# Training the Multi-Modal Neural Network

This notebook demonstrates training with the multi-dataset selector.

**Prerequisites:**
- Complete `01_getting_started.ipynb` to verify your environment
- Configure datasets in `../configs/default.yaml` under `data.datasets`

**Testing:** Run `make test` or `pytest tests/test_integration.py` to verify training components.

## Inspect Configured Datasets

In [None]:
import sys
sys.path.append('..')

from src.utils.config import load_config

config_path = '../configs/default.yaml'
config = load_config(config_path)
print('Datasets defined:')
for ds in config.get('data', {}).get('datasets', []):
    print(f"- {ds.get('name')} type={ds.get('type')} enabled={ds.get('enabled', True)} splits={ds.get('splits')}")

## Build DataLoaders (Selector)

In [None]:
from src.data import build_dataloaders
train_loader, val_loader, test_loader = build_dataloaders(config)
print(f'Train batches: {len(train_loader)}')
print(f'Val batches: {len(val_loader) if val_loader else 0}')
print(f'Test batches: {len(test_loader) if test_loader else 0}')
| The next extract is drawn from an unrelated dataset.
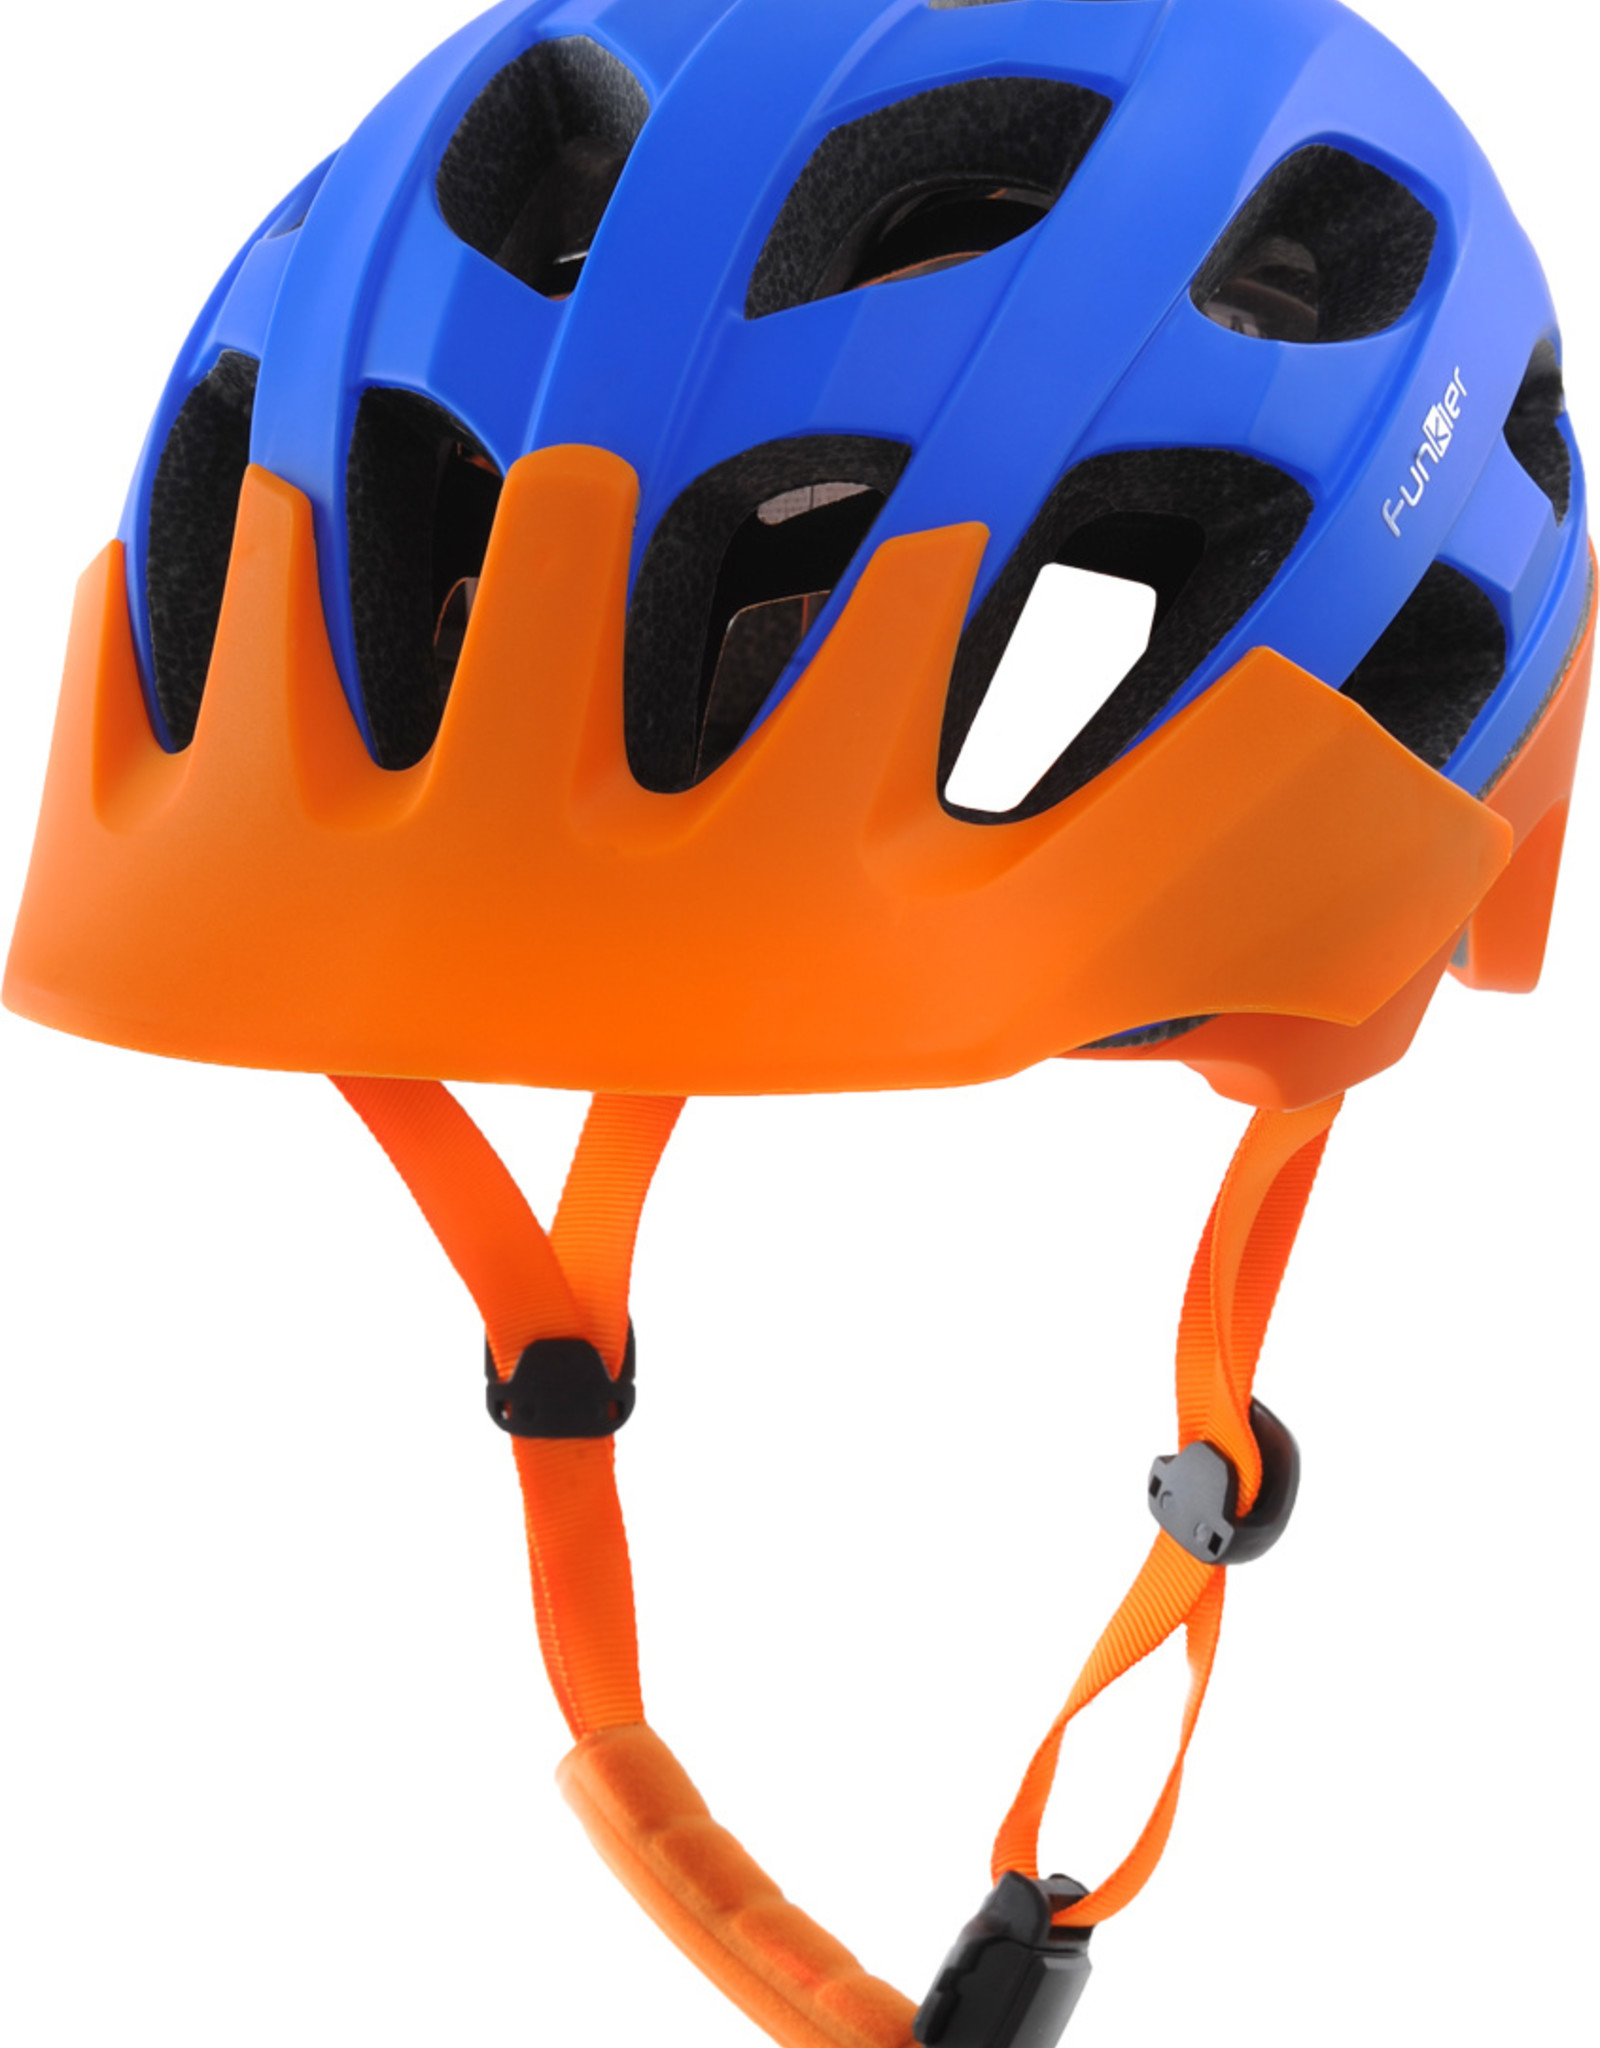 Funkier Camba MTB All Mountain Helmet in Blue/Orange

## Initialize Trainer (Auto selector fallback)

In [None]:
from src.training.trainer import Trainer
trainer = Trainer(config_path=config_path)
print('Trainer loaders: train', len(trainer.train_loader), 'val', len(trainer.val_loader) if trainer.val_loader else 0, 'test', len(trainer.test_loader) if getattr(trainer, 'test_loader', None) else 0)

## Inspect First Batch

In [None]:
batch = next(iter(trainer.train_loader))
print('Batch keys:', batch.keys())
print('Tensor shapes:', [(k, v.shape) for k,v in batch.items() if hasattr(v,'shape')])

## Train

In [None]:
# Uncomment to start training
# trainer.train()

## Notes
- Modify `configs/default.yaml` to enable/disable datasets.
- Ensure split ratios sum to 1.0.
- Legacy keys (`train_dataset`, `val_dataset`) are ignored when `datasets` is present.

In [None]:
# (Optional) Advanced: Rebuild loaders after modifying config in-memory
# Example:
# config['data']['datasets'][0]['splits']['train'] = 0.7
# config['data']['datasets'][0]['splits']['val'] = 0.2
# config['data']['datasets'][0]['splits']['test'] = 0.1
# train_loader, val_loader, test_loader = build_dataloaders(config)
# trainer.train_loader = train_loader
# trainer.val_loader = val_loader
# trainer.test_loader = test_loader
# print('Rebuilt loaders: train', len(train_loader), 'val', len(val_loader or []), 'test', len(test_loader or []))